Table Level mapping defines how the tables from the old DB should be mapped to the new DB. Based on the mapping rules and how the new system is designed, the table level mapping could be one to many or many to one or one to one.

Element Level mapping defines how each column in the legacy system is mapped to the columns in the new system and this could be also be one to many, manty to one or one to one.

New elements in the new DB are the columns which is very specific to the New DB and not existing in the Legacy

Ignore elements from the Legacy system are the columns which are being exempted from the mapping rule and never brought to the new system.

Not to be converted data are the records from the Legacy DB which are being exempted from getting converted to the new DB for whatsoever reason.

Count Check This is one of the most important validation check to ensure that the source count is in sync with the target count check based on the given mapping rule.

Essentially every automated/manual testing for Data migration projects focuses on the above validation points.

The very fact that we deal with millions and millions of data, manual testing of data migration project can be next to impossible and the situation demands  an automated process and everytime there is a new extraction of data and any changes to the code, we should be able to trigger the automated scripts to check the sanctity and integrity of the data.

This could be achieved with a bunch of SQL scripts which compares the Source data to the Target data based on the mapping rule against each source and target tables.

A simple methodology without using any expensive off the shelf testing tool is to use Excel Macros.

– Get the macros in Excel to connect to Source and Target DB.

– Store the SQL scripts which  validates each table and element level mapping in the macros

– Store the result of the execution back to the Excel which basically confirms if the mapping passed/failed.

The Pros:

1. User-friendly and doesn’t need anyone to learn and understand the complexities of some off -the shelf expensive tools.

2. All the sql scripts being used as part of the test execution are stored at one place and are quite easy for reference.

3. Any mapping rule changes would mean a change in the SQL script and it’s easy to go and make the SQL changes to the corresponding script.

4. It’s very likely that the testing environment (source and destination DB) could change with every execution depending on its availability and the same could be configured in the Excel as a drop down.

5. As the actual execution happens against the DB, validating millions of data is not a challenge and the excel row limit doesnt kick in as only the results of the execution gets stored back to the Excel.

6. Its quite easy to filter the failed test cases and focus on the issues and re-run the same once the issues are fixed.

7. We can even configure the macros to run for specific set of tables, failed test cases rather than going for the entire test suite based on the regression cycle needed for a specific run thereby saving time.and effort.

8. As its excel we could get some fancy reports once the run is complete without depending on some expensive tools and its reporting services.

9. We could even integrate this with the unit test cases of Development team and run it as and when they complete their coding for each tables thereby delivering the QA much matured and bug free code.

10. On an average, 2000 test cases with as much SQL queries takes about the 30 mins to execute and report depending on the load on the DB at a given point of time which signifies the amount of time getting saved as against executing as much test cases manually.

11. All this without having some expensive data migration testing tools thereby saving a lot of cost to the project.

Conclusion

The major factors which should drive QA automation for any project and not particularly migration project is a cost-benefit analysis.
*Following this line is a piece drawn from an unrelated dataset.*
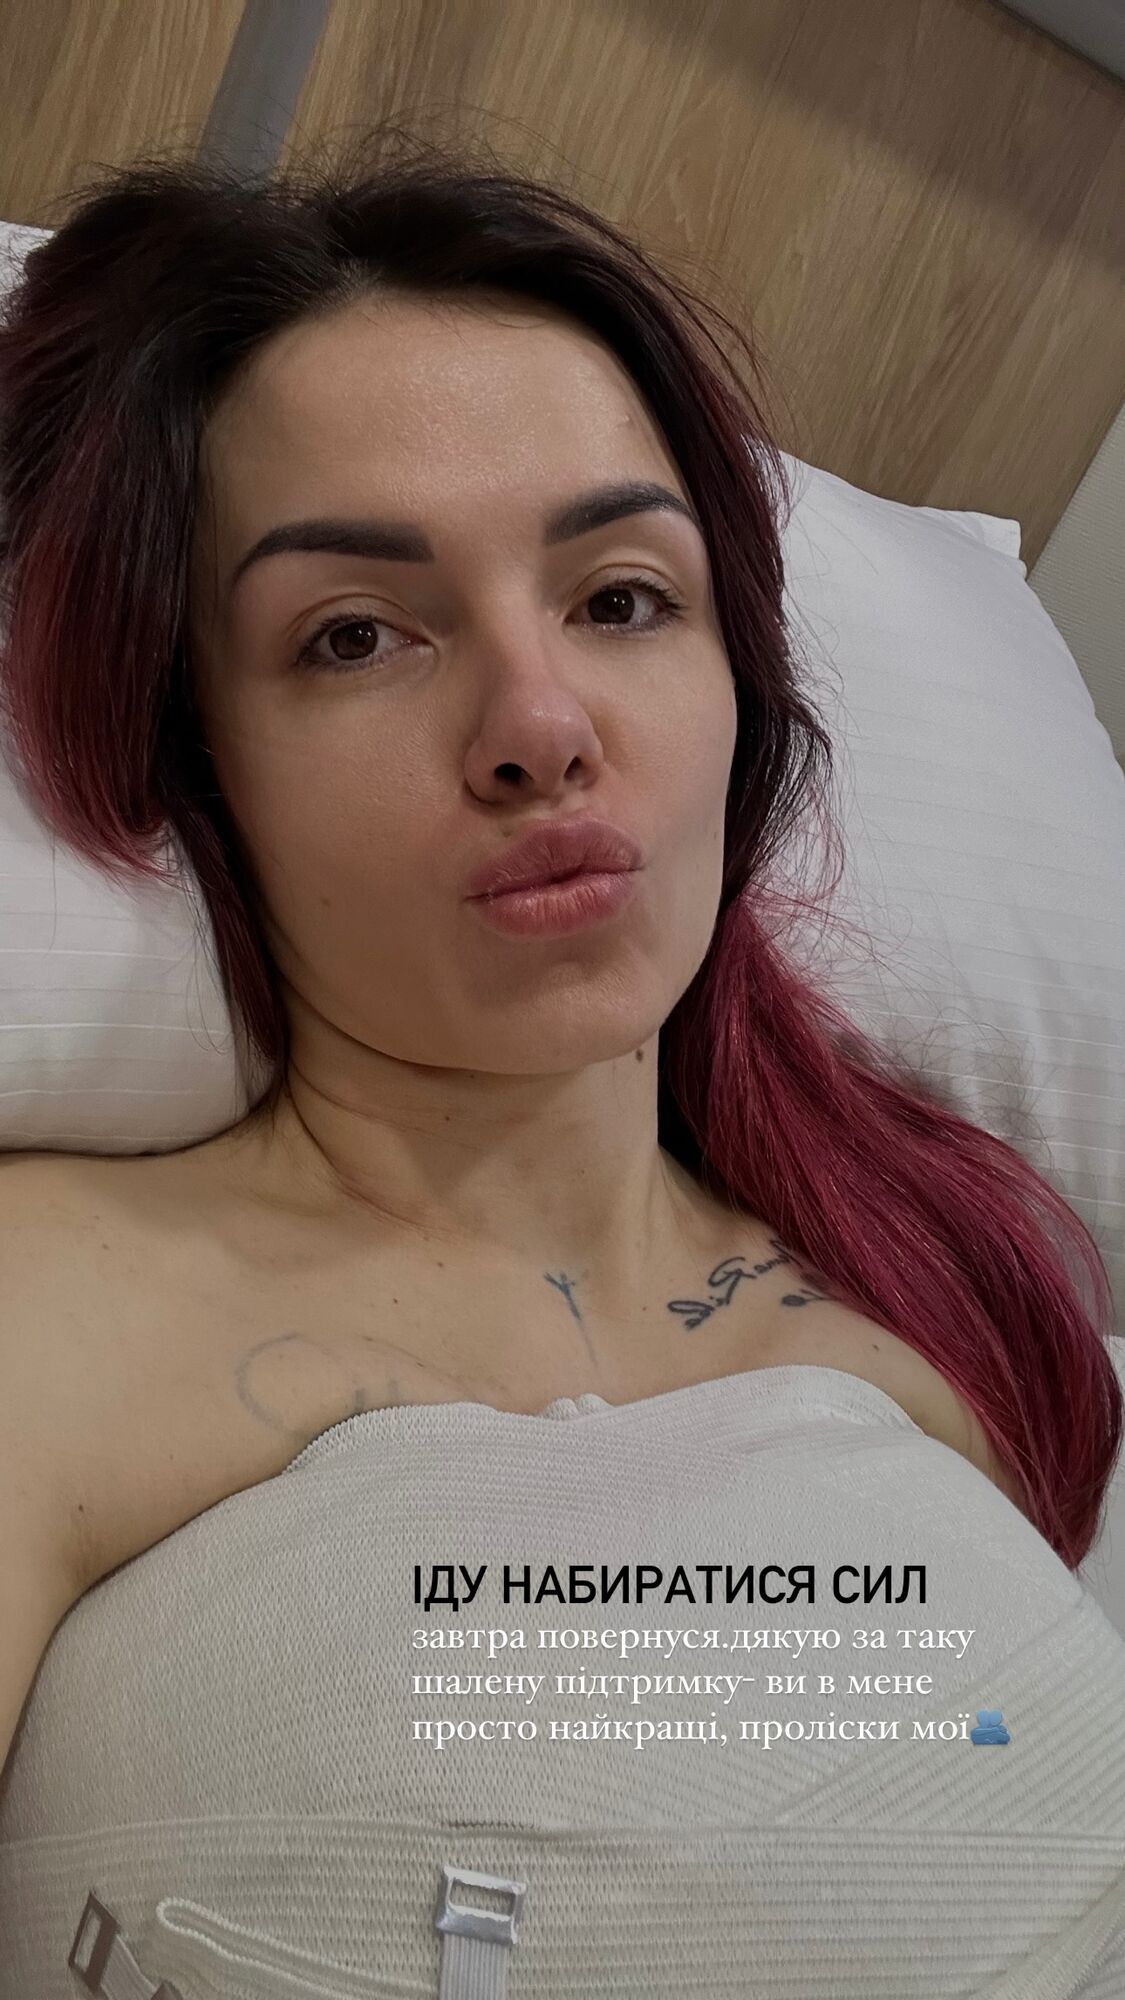 Ukrainian blogger MamaRika shows the first photo after breast augmentation, talking about self love: fans point out hypocrisy

It makes sense to go for expensive off-the shelf automation tools if and only if the returns justify the investment. As long as if we can achieve even 80 percent of the efficiency by any in-hand existing inexpensive tool, we should always shoot for the same and get the best out of it.

As for Data Migration project, the biggest challenge is always the sheer quantity of data to be tested and getting a quality output. Most of the times, the very databases where the data gets loaded with a smart combination of excel macros could achieve the desired results.

Data Migration Part 3 of 4

Test Scenarios, in general, would be as below:

I)​ If the migration is to the same type of Database, then,

  • Verify if the queries executed in the new database yield same results as in the older one
  • Verify if the number of records in the old database and new database is the same. Here use appropriate automation tool
  • Verify that there are no redundancies and new database works exactly as the older one
  • Verify if the schema, relationships, table structures are unaltered or set back to match the old database image
  • Verify whether the changes made in application updates new database with correct values and type
  • Verify if after the new database connection is provided to all the components of the application. Application, server, interfaces, firewall, network connectivity etc.
  • Verify the query performance (time-taken to execute complex queries) of the new database is not more than earlier performance

Challenges faced in this testing are mainly with data. Below are few in the list:

#1) Data Quality:

We may find that the data used in the legacy application is of poor quality in the new/upgraded application. In such cases, data quality has to be improved to meet business standards.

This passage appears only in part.